A patent sphenoid ostium—i.e., an ostium not covered by a mucosal layer—was visualized significantly more often by the advanced protocol than the standard protocol (89% vs 40%, p < 0.001) in primary surgeries. The SPA and its branches were only visualized by the advanced protocol (87% and 91% of cases in primary surgeries and reoperations, respectively) and not once by the standard protocol. The number of visualized complete and incomplete sphenoid septations matched significantly more commonly with the surgical view when using the advanced protocol than the standard protocol at primary operation (mean 1.9 vs 1.6, p < 0.001). However, in 25% of all cases a complex and not a simple sinus anatomy was present. In comparison with the intraoperative results, a complex sphenoid sinus anatomy was always detected by the advanced but not by the standard protocol (25% vs 8.5%, p = 0.001).

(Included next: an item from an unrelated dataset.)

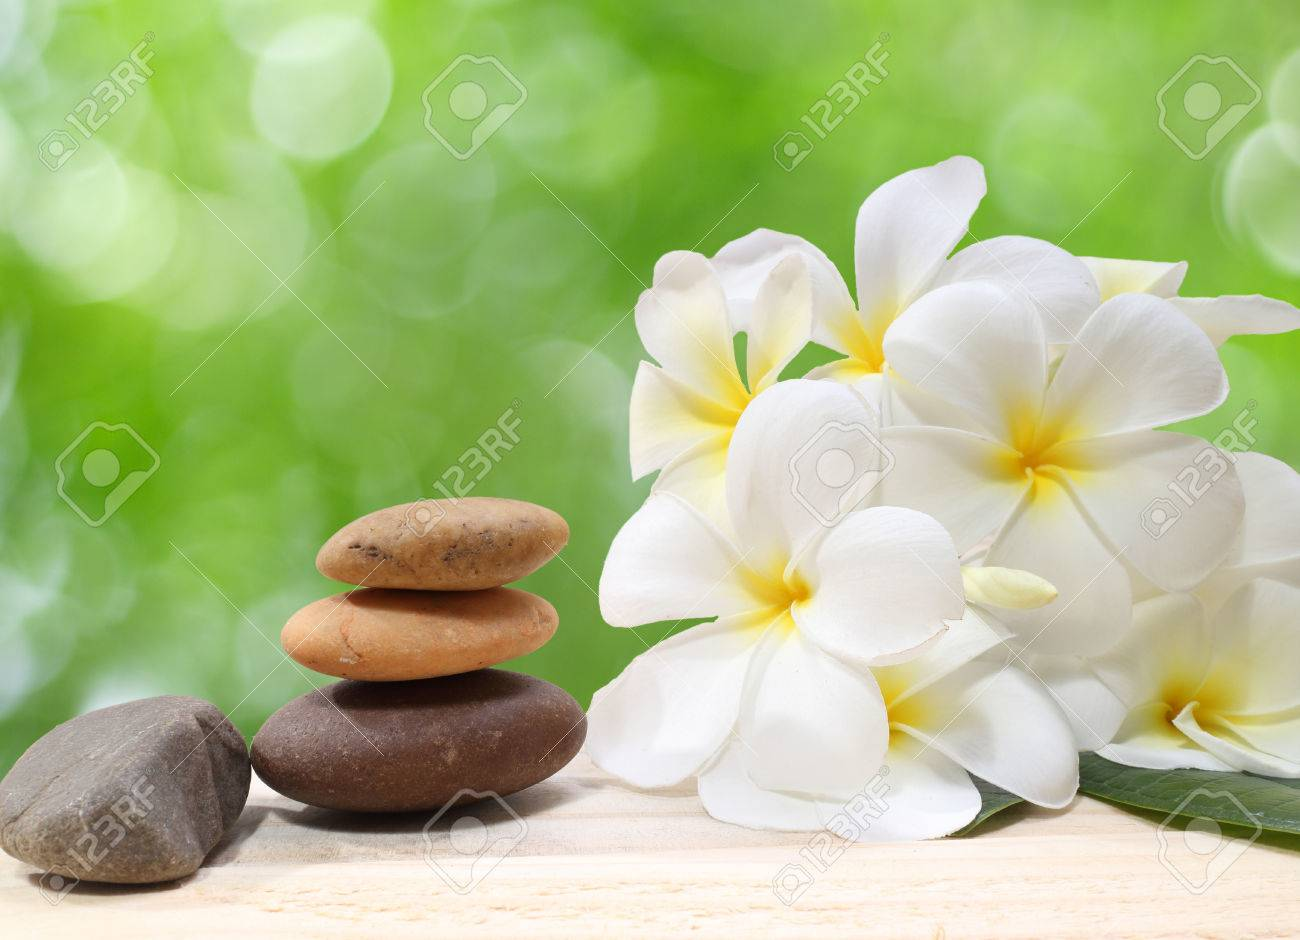 Zen spa concept background - Zen massage stones with frangipani plumeria flower - 40644780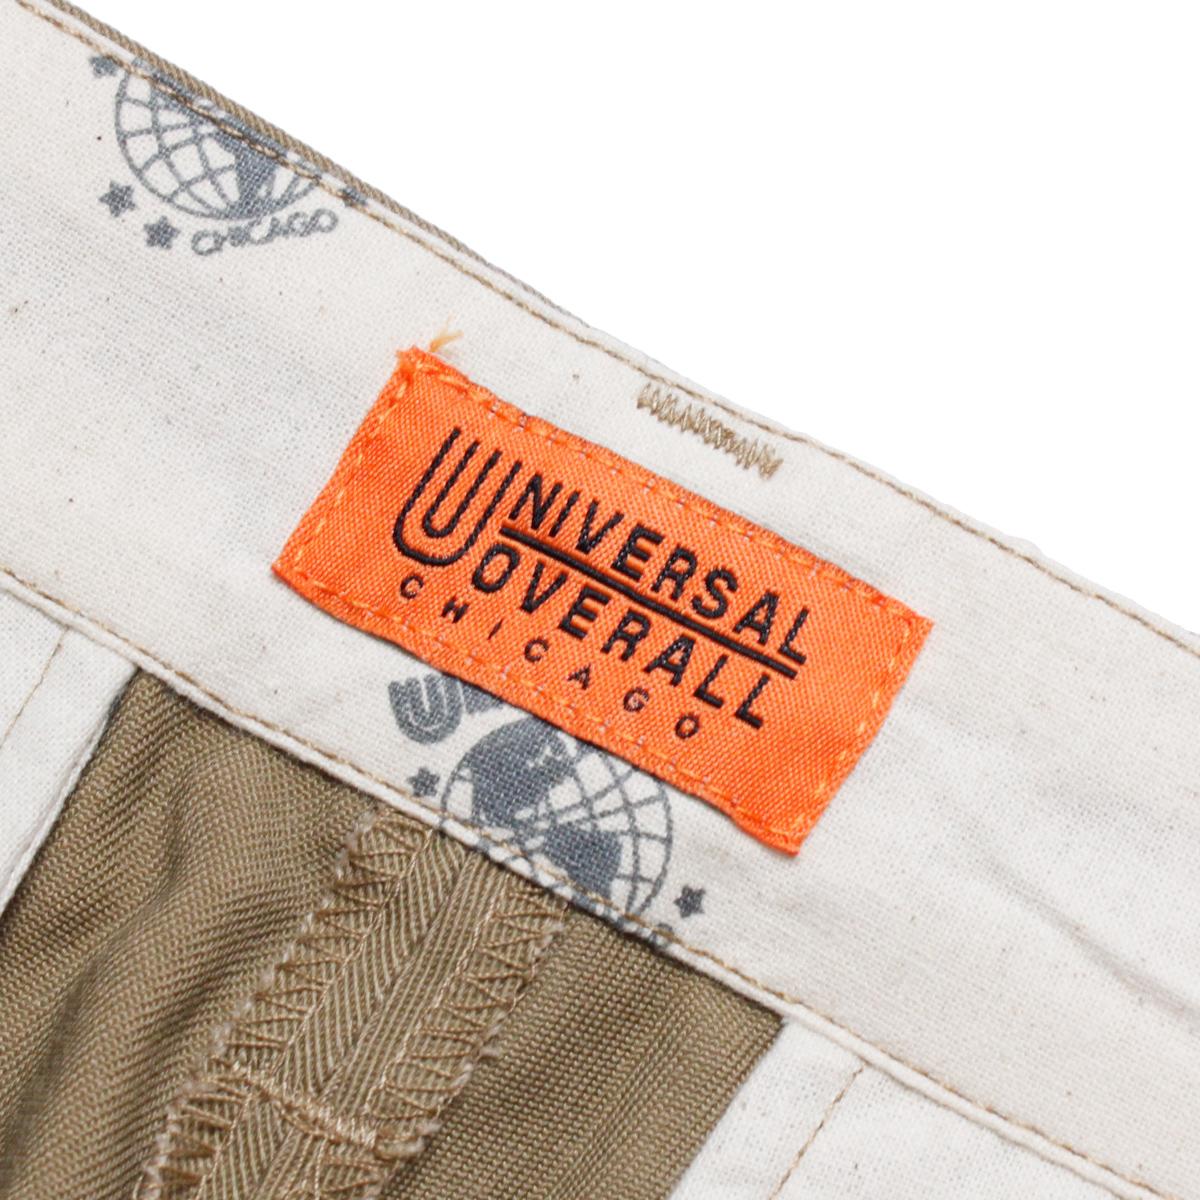 UNIVERSAL OVERALL ユニバーサルオーバーオール OFFICER PANTS

Furthermore, application of the advanced protocol reduced the cumulative rate of complications (25% vs 18% [standard vs advanced group]). Although an overall significant difference could not be determined (p = 0.228), a subgroup analysis of reoperations (35/200) revealed a significantly lower rate of complications in the advanced group (5% vs 30%, p = 0.028).
The data show that the advanced image guidance protocol could intraoperatively visualize the fine sinunasal sinus structures and small arteries with a high degree of detail. By improving intraoperative orientation, this may help to reduce the rate of complications in endoscopic transsphenoidal surgery, especially in reoperations.